In "妳看起來很票亮" ,  '票' meas ticket and '亮' means bright, that's why you got wrong answers from online translator

The sentence in your title is correct, '*漂亮*' means pretty/beautiful...


----------



## Skatinginbc

SimonTsai said:


> You look very nice 你 (長得) 很好看。


"You look very nice" does not mean "你長得很好看".
Evidence:
You look very nice today.
你今天長得很好看.


----------



## SimonTsai

Then what does it mean?

*[Yahoo Answers]*
'Me being a guy, saying you look nice is easier than saying you look beautiful.' (anonymous)
'If a guy says you look nice, he means it—Trust me. Guys wouldn't bother saying anything if they didn't mean it.' (Kitty)
'It's [...] based on what you're wearing [...] or it could be a way of telling someone they are pretty or beautiful without actually saying it.' (LC)


----------



## Ivy Ivy

Skatinginbc said:


> "You look very nice" does not mean "你長得很好看".
> Evidence:
> You look very nice today.
> 你今天長得很好看.


Simon is correct. "You look very nice " means "你長得很好看"。
“You look very nice today“ in this situation, it means"你今天看起来不错"


dojibear said:


> The sentence says "You look pretty."  The "you" is a female "you".


In Chinese，"you" does not have feminine or masculine form. Only when it comes she(她) or he（他）, the written word is different.


----------



## NewAmerica

I am statistically correct.
Dojibear is correct.


----------



## Ivy Ivy

“妳 ”is traditional Chinese character. That is why on the left, there is a word“女”， but no matter it refers to female or male, it is the same word. In simplified Chinese "‘你” can also be referred to male and female too.


----------



## NewAmerica

妳：
《*國語辭典*》
用於女性的第二人稱。如：「妳真是女中豪傑。」
《汉典》： 称谈话的女性对方。
《汉语大字典》：同"你"。指女性。
《汉语大词典》：你。指女性。

All authoritative sources confirm that Dojibear is correct. Your personal opinion is simply confined to your own imagination.


----------



## Skatinginbc

You look nice. 你很好看 (= pleasant to look at)
You look nice today. 你今天很好看  ≠ 你今天長得很好看 
You are looking nice.  你現在這樣很好看 ≠ 你正在長得很好看 
You look nicer with a smile. 你笑更好看  ≠ 你笑長得更好看 
You look nice with that shirt. 你穿那襯衫很好看  ≠ 你穿那襯衫就長得很好看 

中文「你長得很好看」 是說 「你的長相很好看」.  基因是決定長相的重要因素之一。「長」(生長) 得花時間，除非是妖怪，人不會因換了衣著打扮就瞬間多生一塊肉，「長」得很好看.

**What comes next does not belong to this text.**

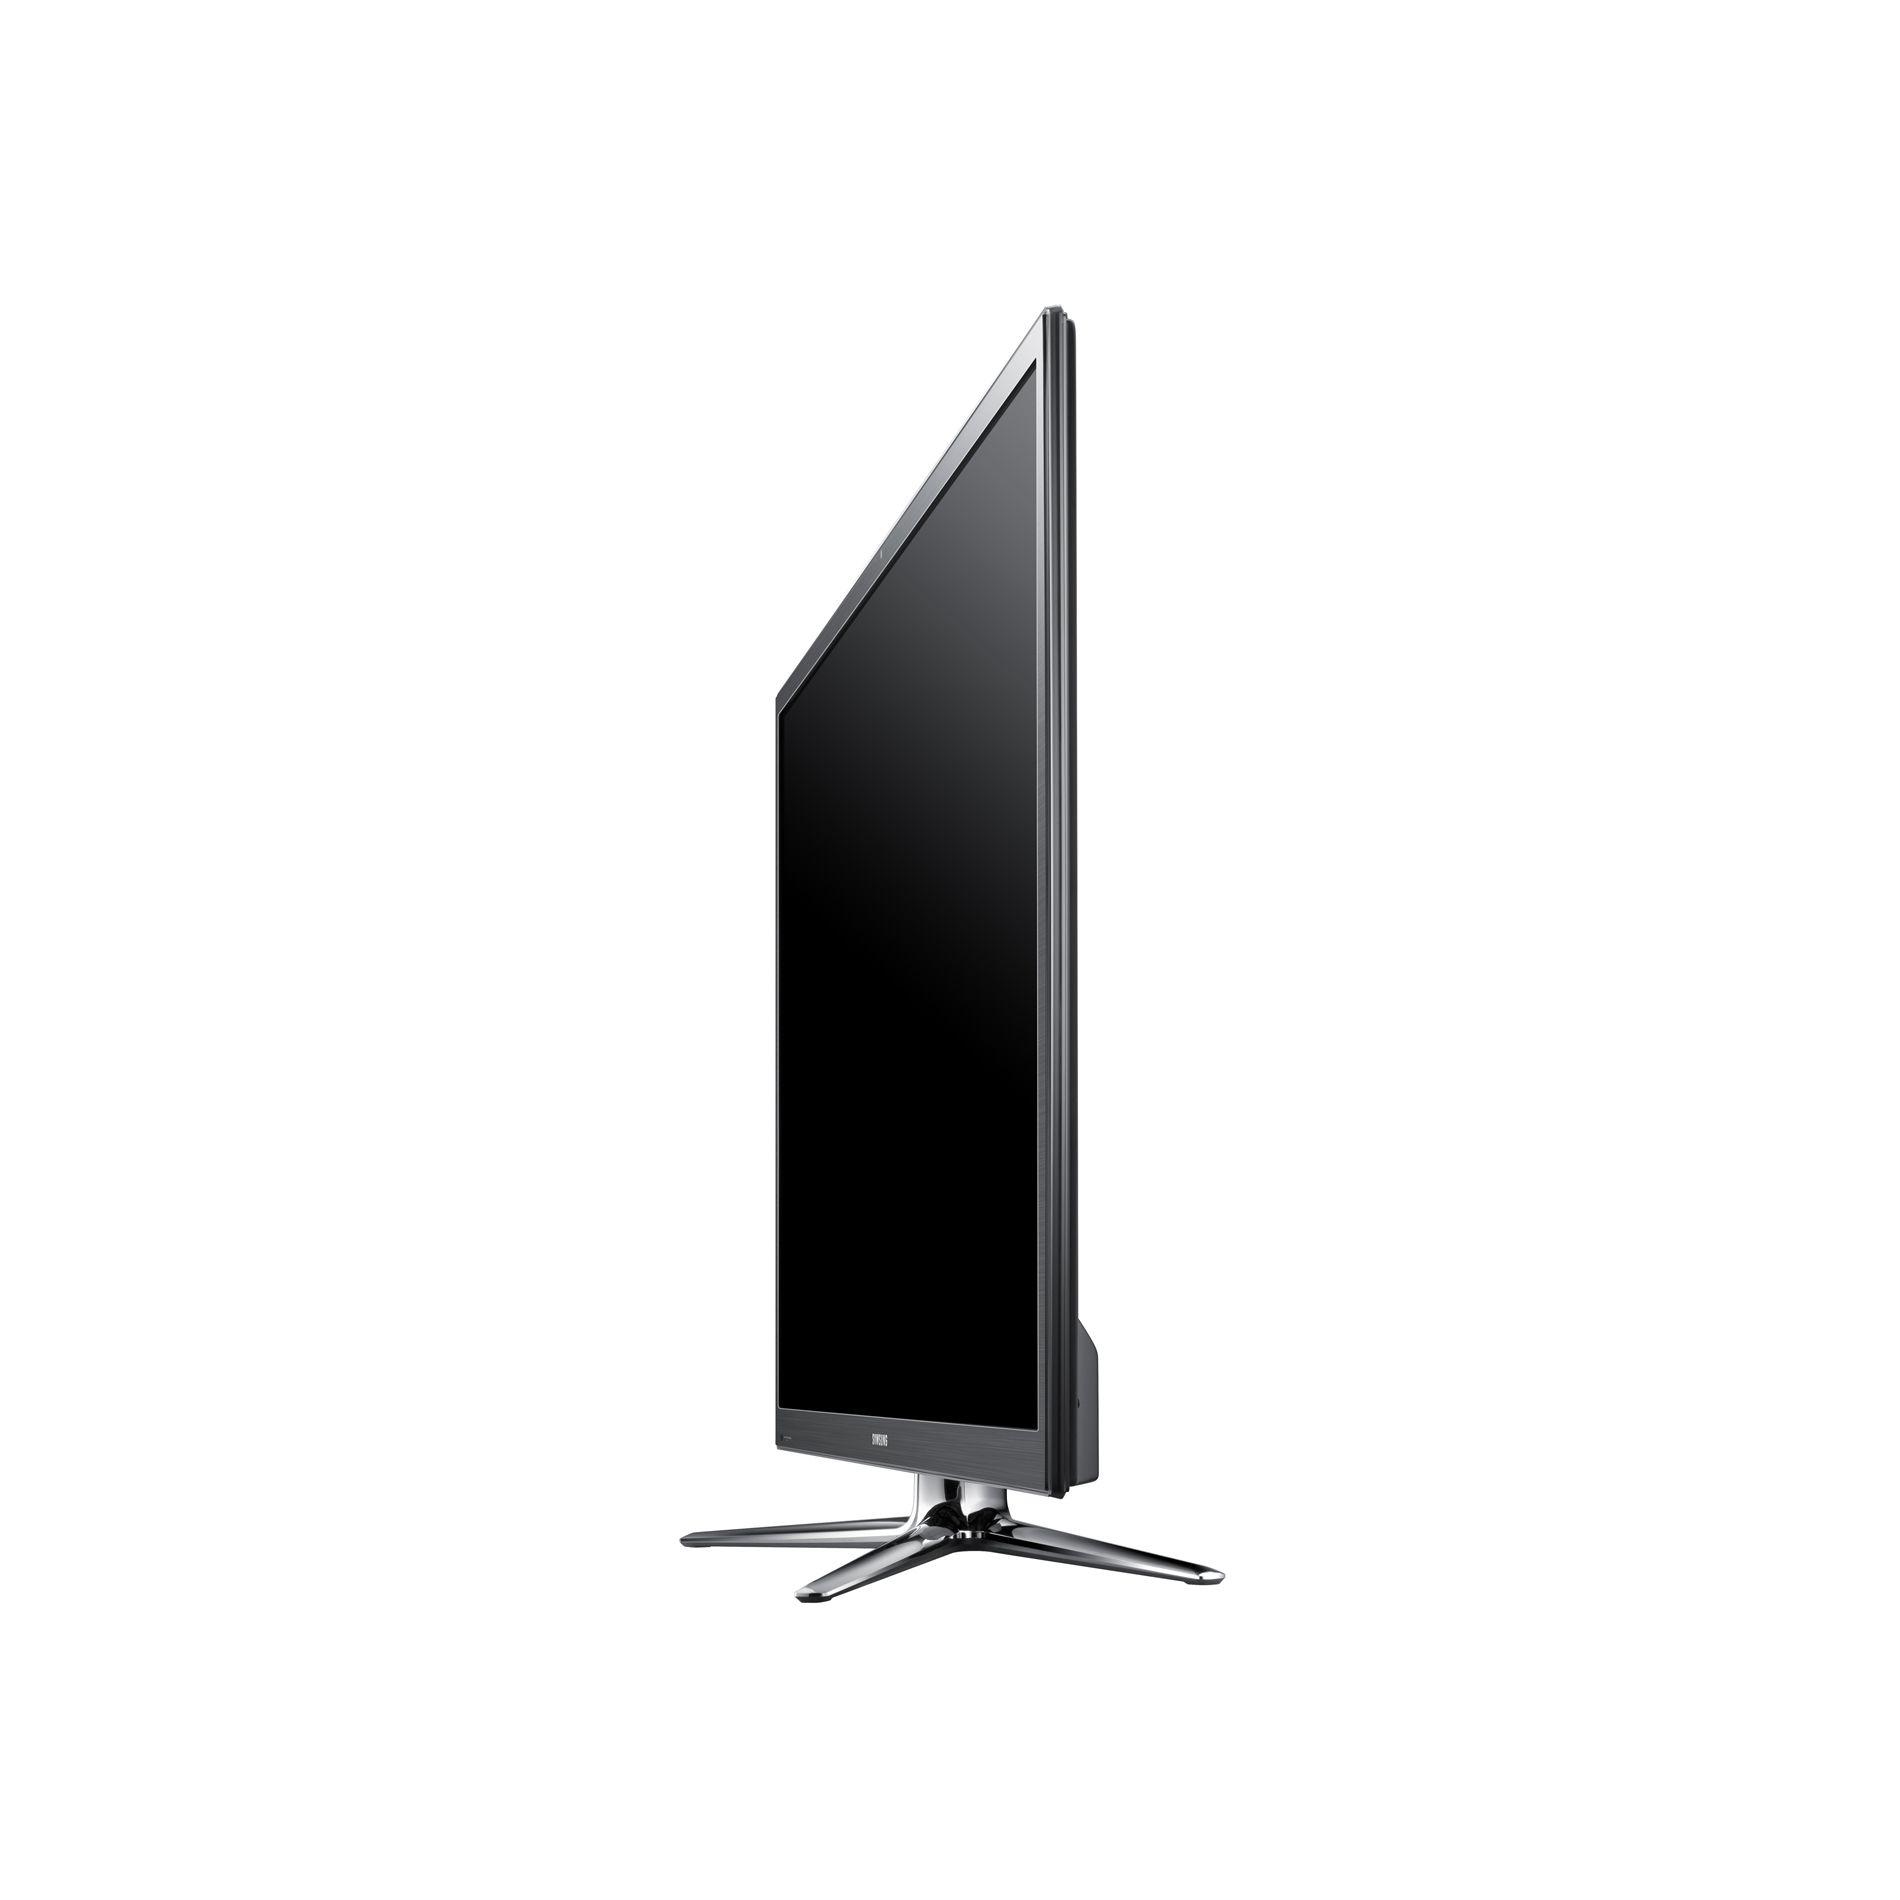 "Samsung 64"" Class 1080p 600Hz 3D Plasma Ultra-Slim Smart HDTV-PN64E8000"
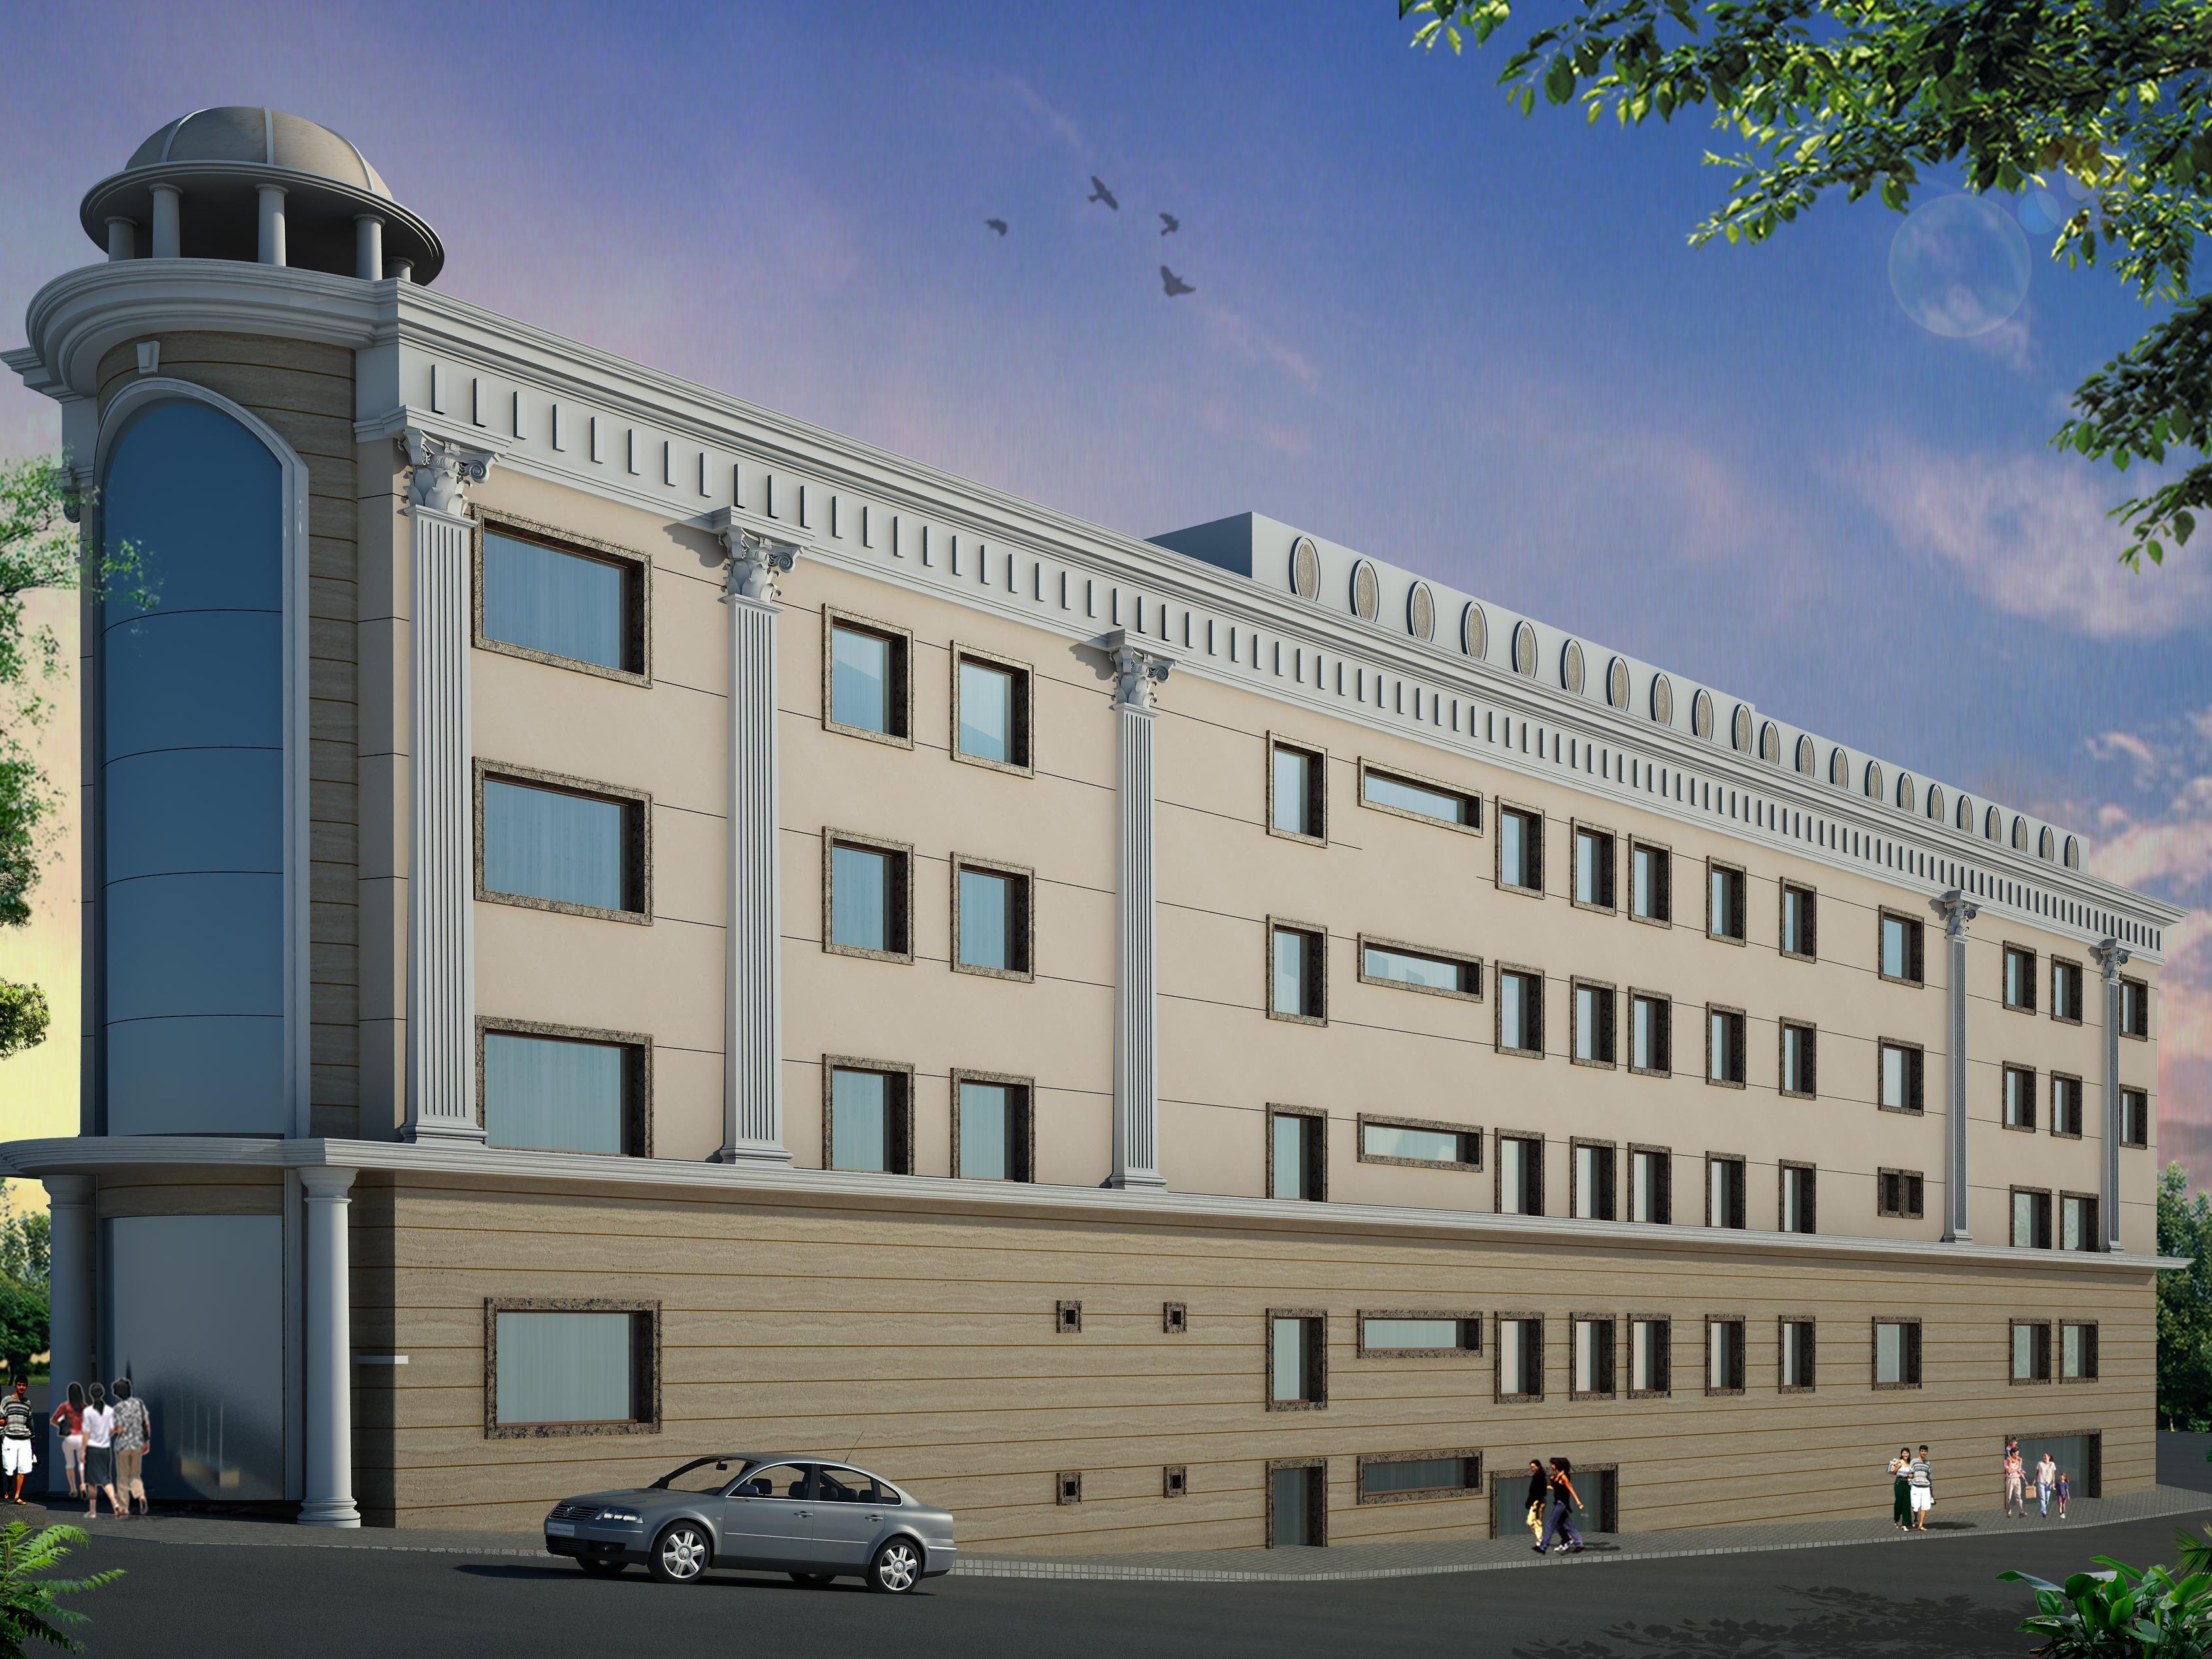 Hotel Istana Permata Ngagel Gwalior Clarks Inn Suite Gwalior India Asia Stop At Clarks Inn

英文 "You look nice" 是指你在這時刻、場合、狀況 (e.g., 穿著打扮) 「好看」(悅目，有吸引力).  醜八怪打扮起來，即使長相沒變，只要是整體造型比往常順眼，我們還是可以對他說 "You look nice."


----------



## SimonTsai

身為堂堂外貌協會理事長（玩笑話），若一個人真是醜八怪，我絕不會說 'He looks nice'，頂多說 'He is well dressed'。

若是常人，亦即非 Ron Levi 或 Manu Rios 等男神，亦非女星如舒淇，則有可能。


Skatinginbc said:


> "You look very nice" does not mean "你長得很好看".


I think that now I get it, and I agree that it may not mean '你長得很好看':


SimonTsai said:


> 你 (長得) 很好看。


That is why I used the round brackets. (If it turns out to be misleading, I would like to make an apology.)


----------